──────── DATASET CONTENT

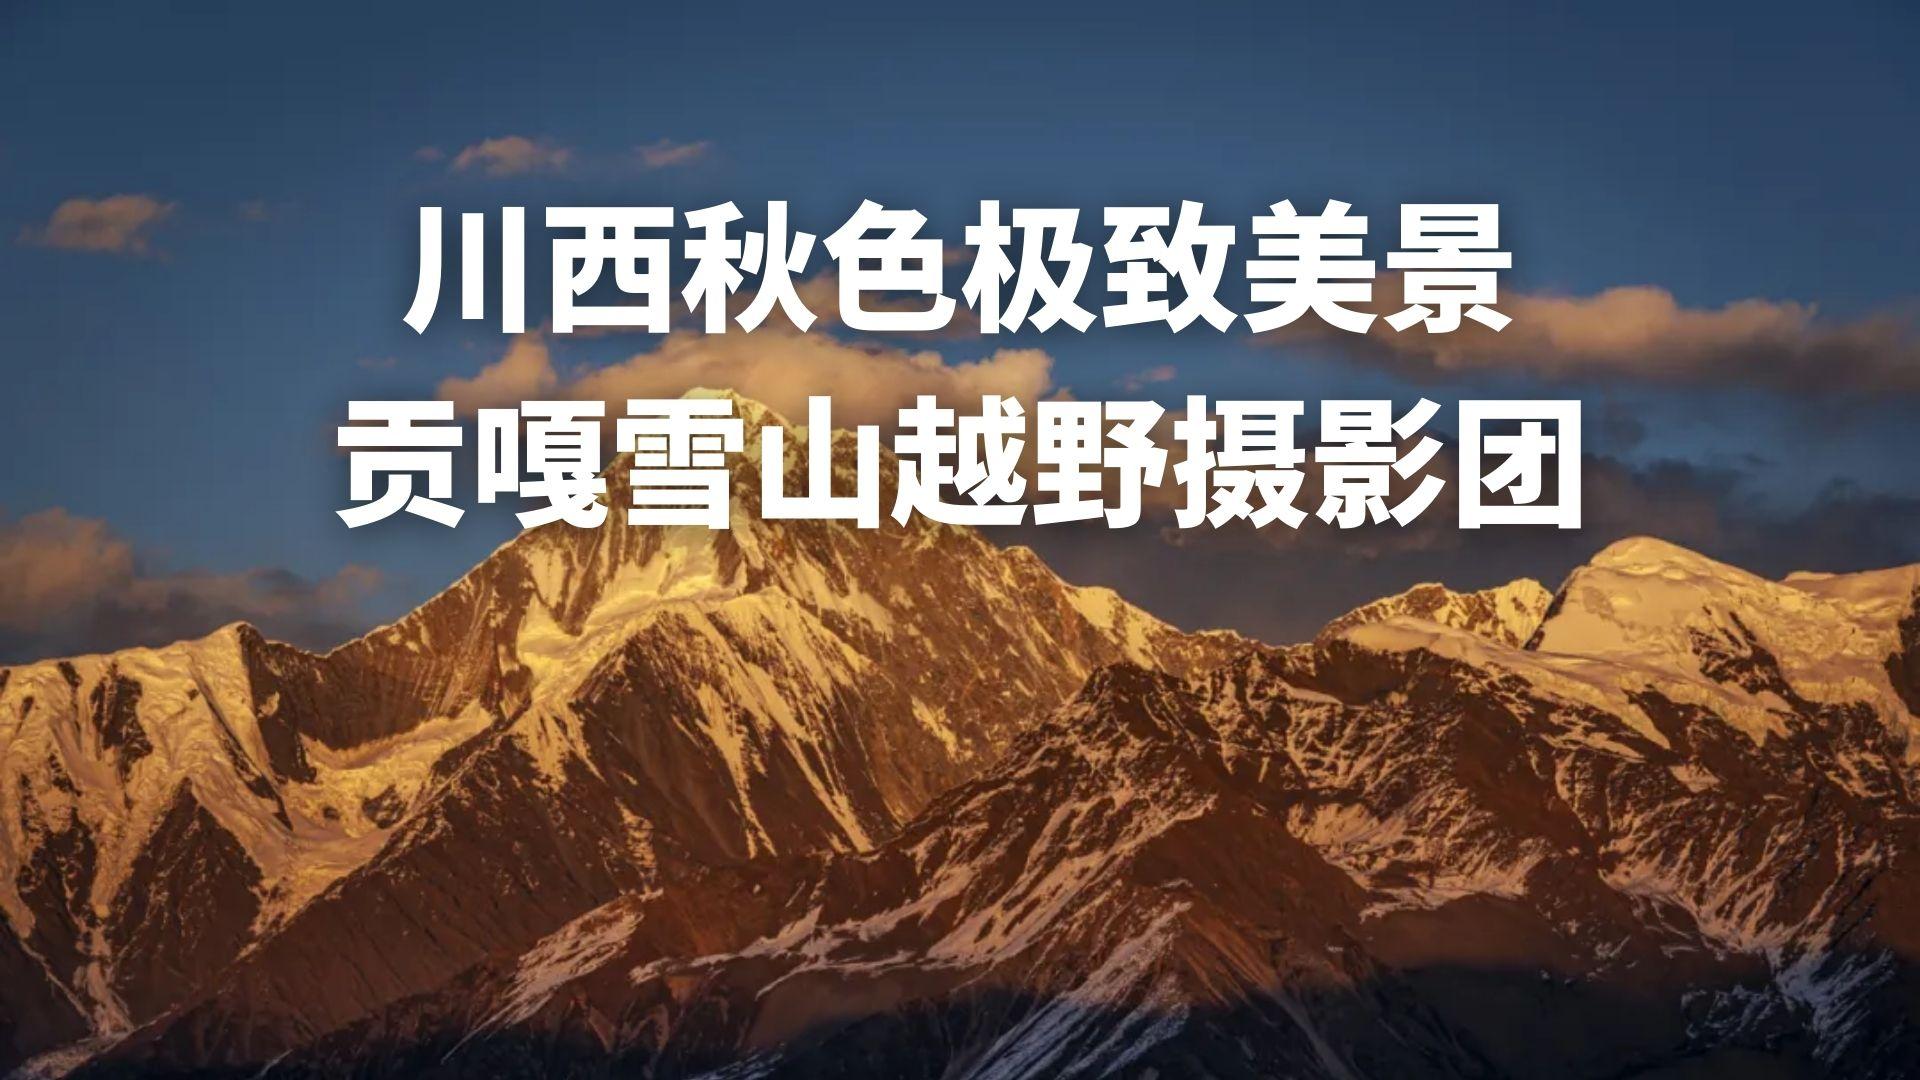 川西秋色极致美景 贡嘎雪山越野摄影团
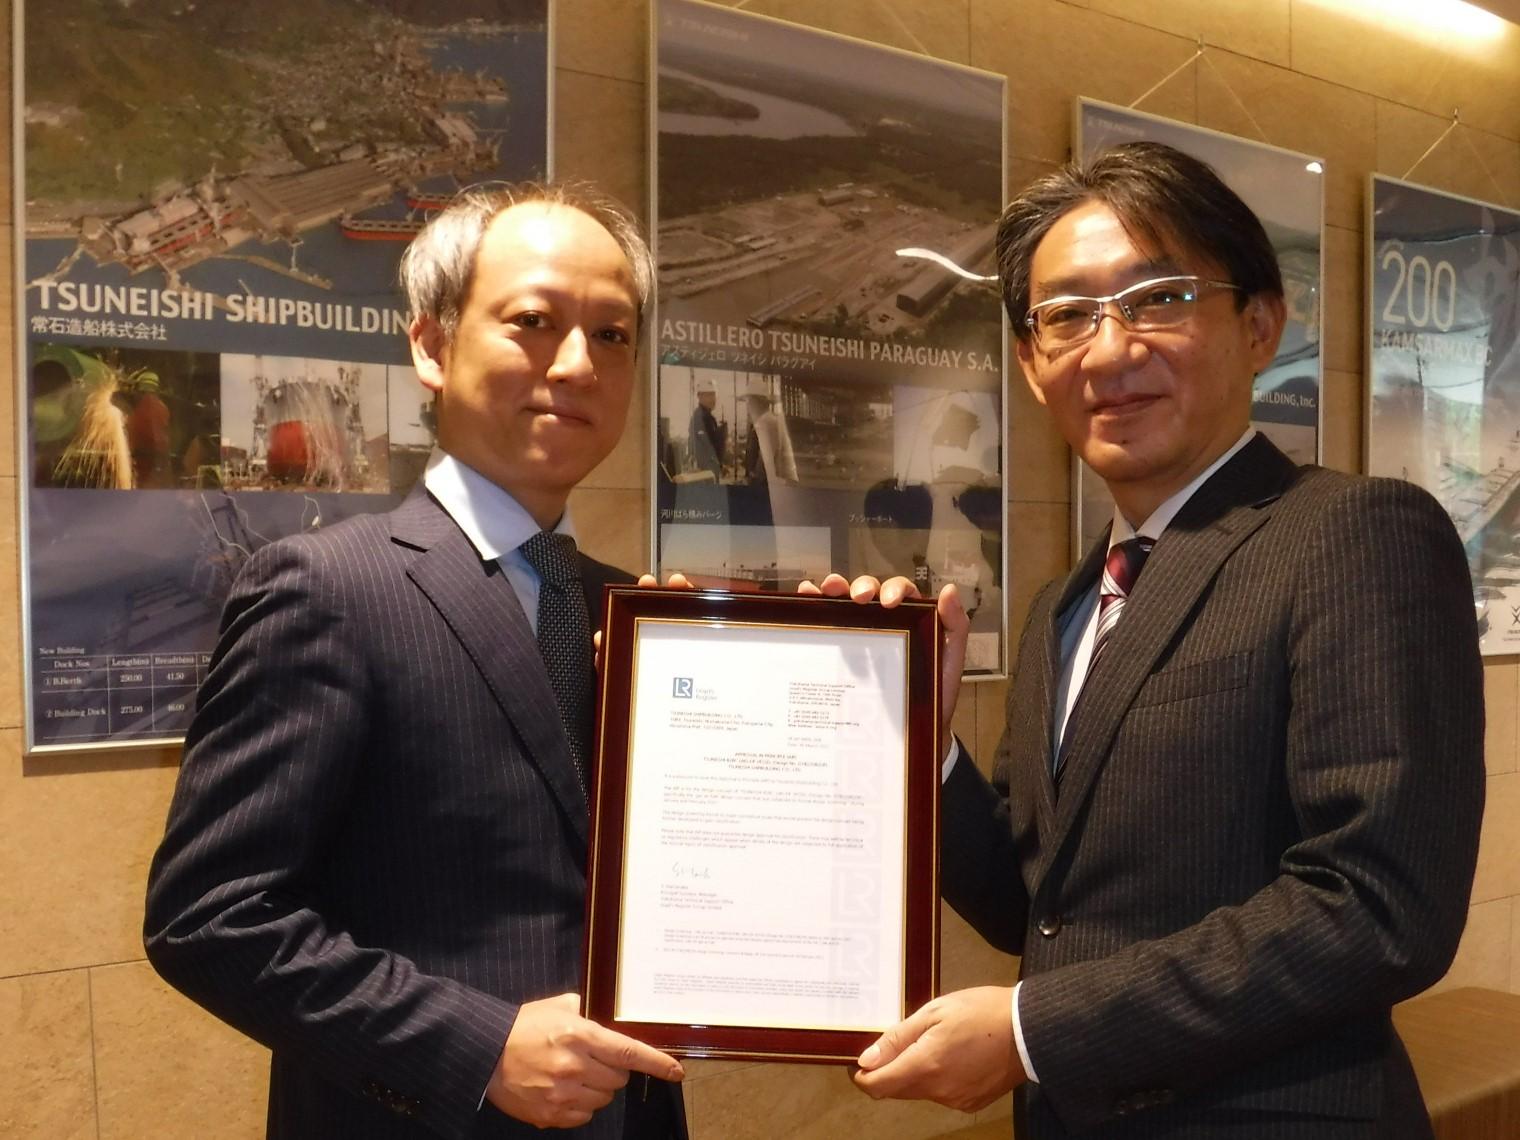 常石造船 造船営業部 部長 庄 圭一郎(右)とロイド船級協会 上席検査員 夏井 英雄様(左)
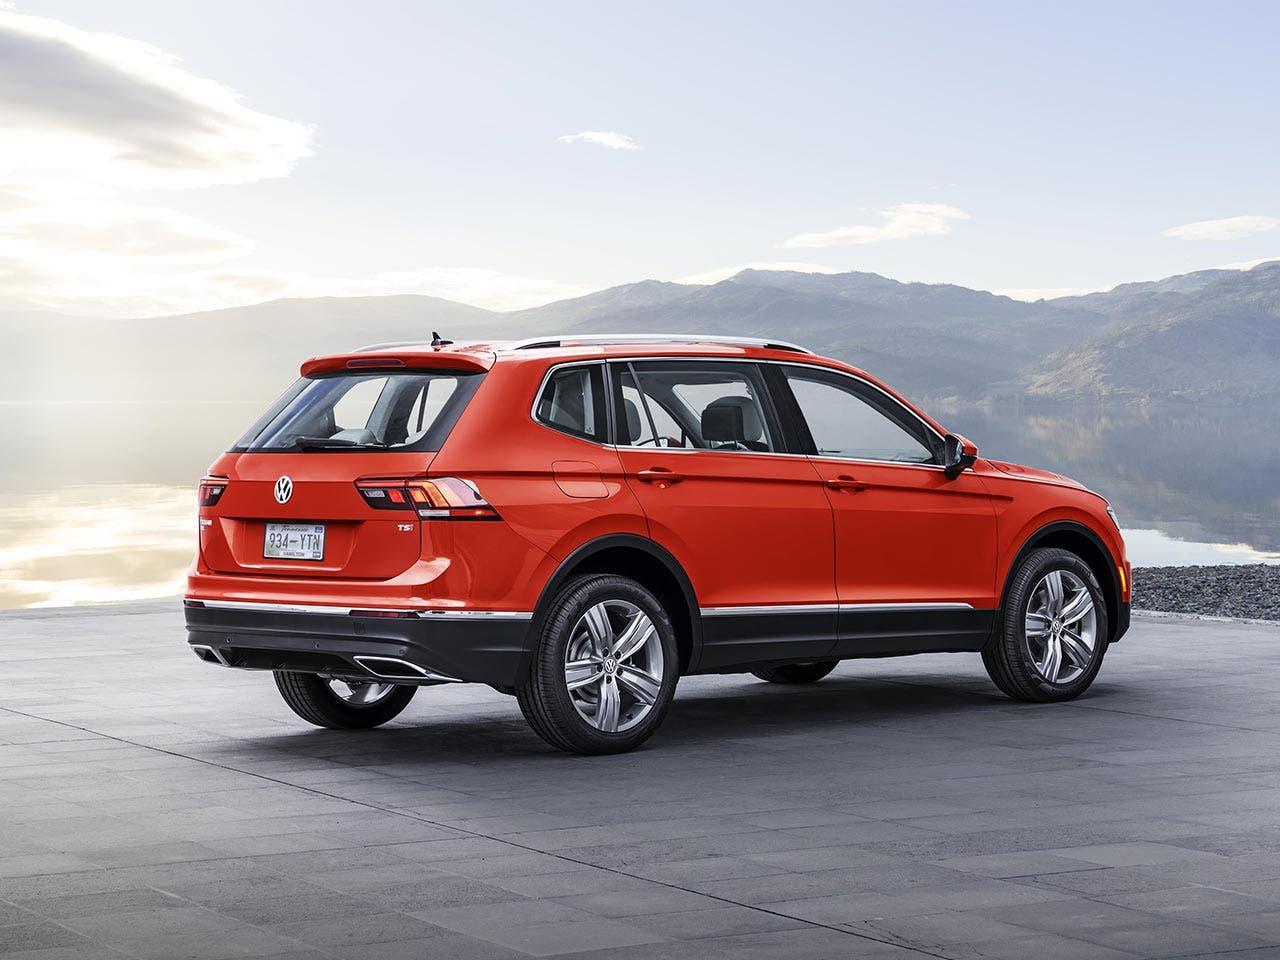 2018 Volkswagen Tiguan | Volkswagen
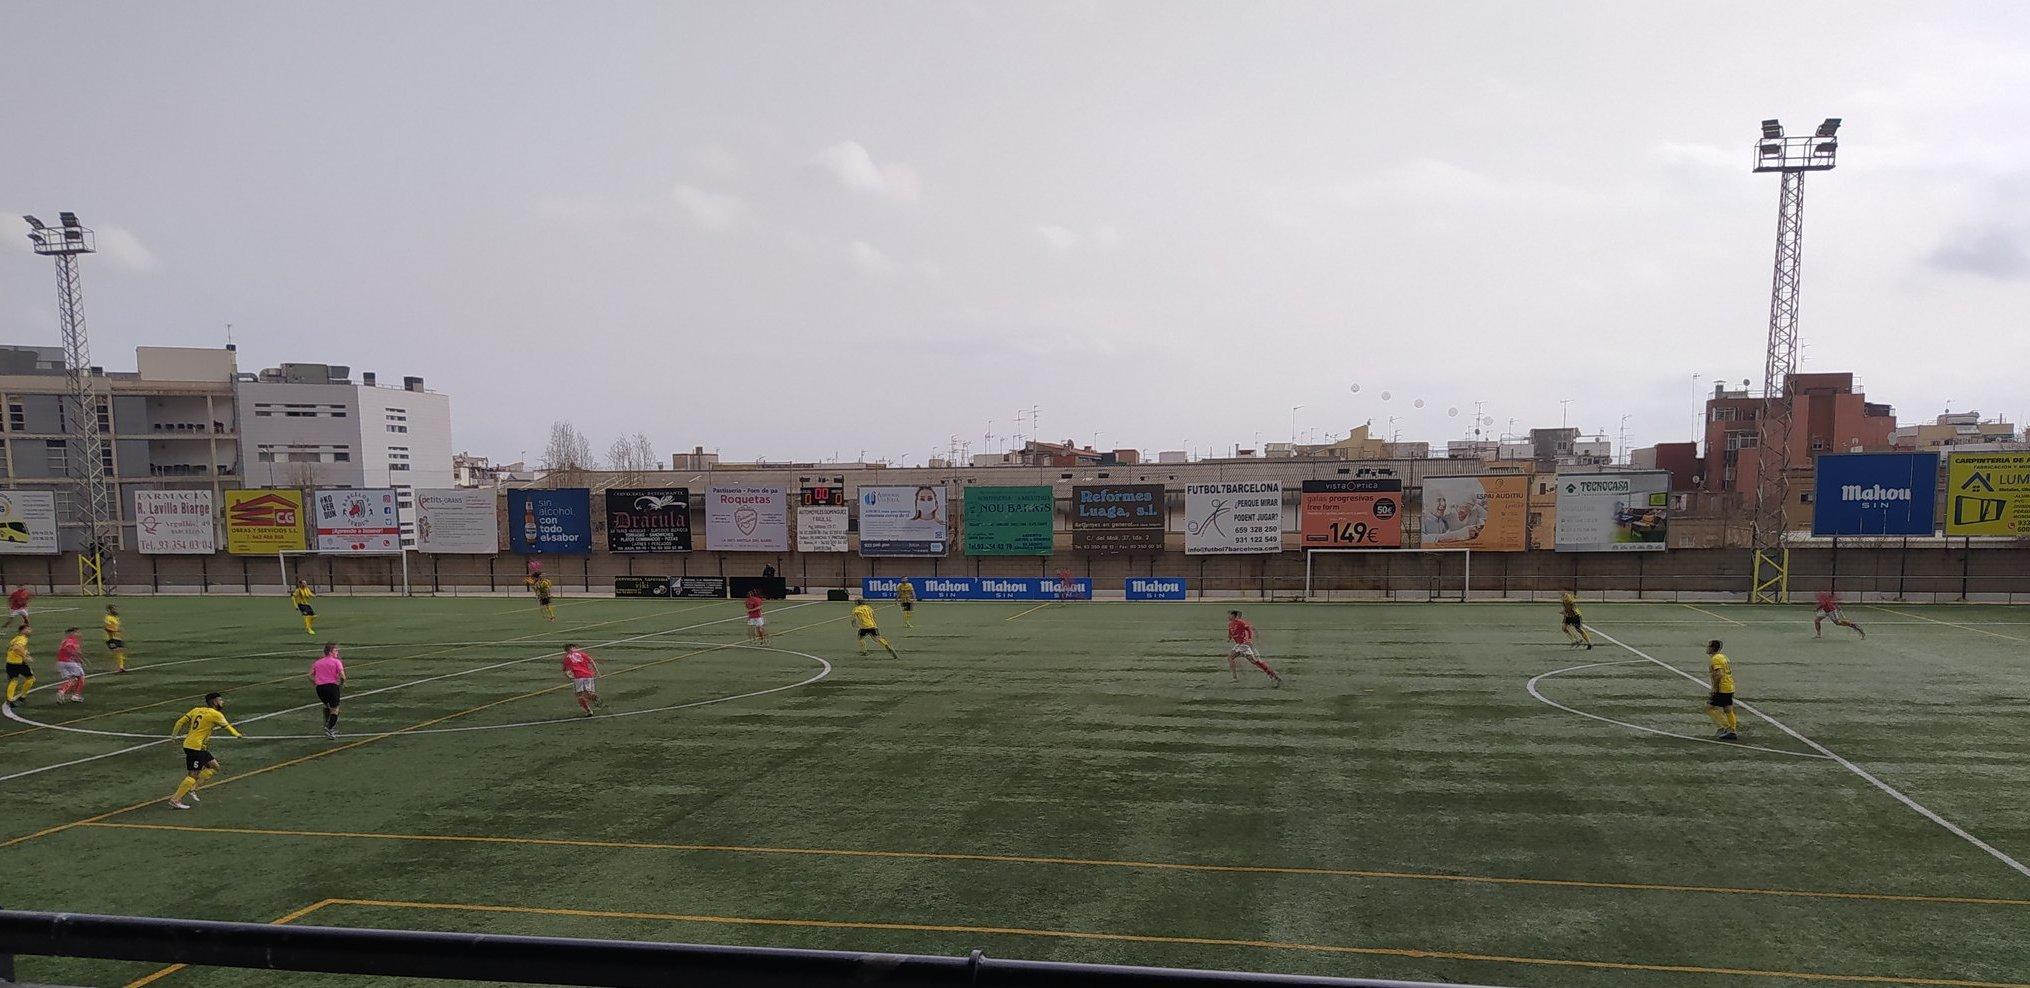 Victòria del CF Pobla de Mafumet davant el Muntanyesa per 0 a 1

────────────────

WORK TO BE COMPLETED — Every line of the listing must be reproduced exactly, though the pictures are to be left out.

EXERCISE RESPONSE —
 川西秋色极致美景 贡嘎雪山越野摄影团
 常石造船 造船営業部 部長 庄 圭一郎(右)とロイド船級協会 上席検査員 夏井 英雄様(左)
 2018 Volkswagen Tiguan | Volkswagen
 Victòria del CF Pobla de Mafumet davant el Muntanyesa per 0 a 1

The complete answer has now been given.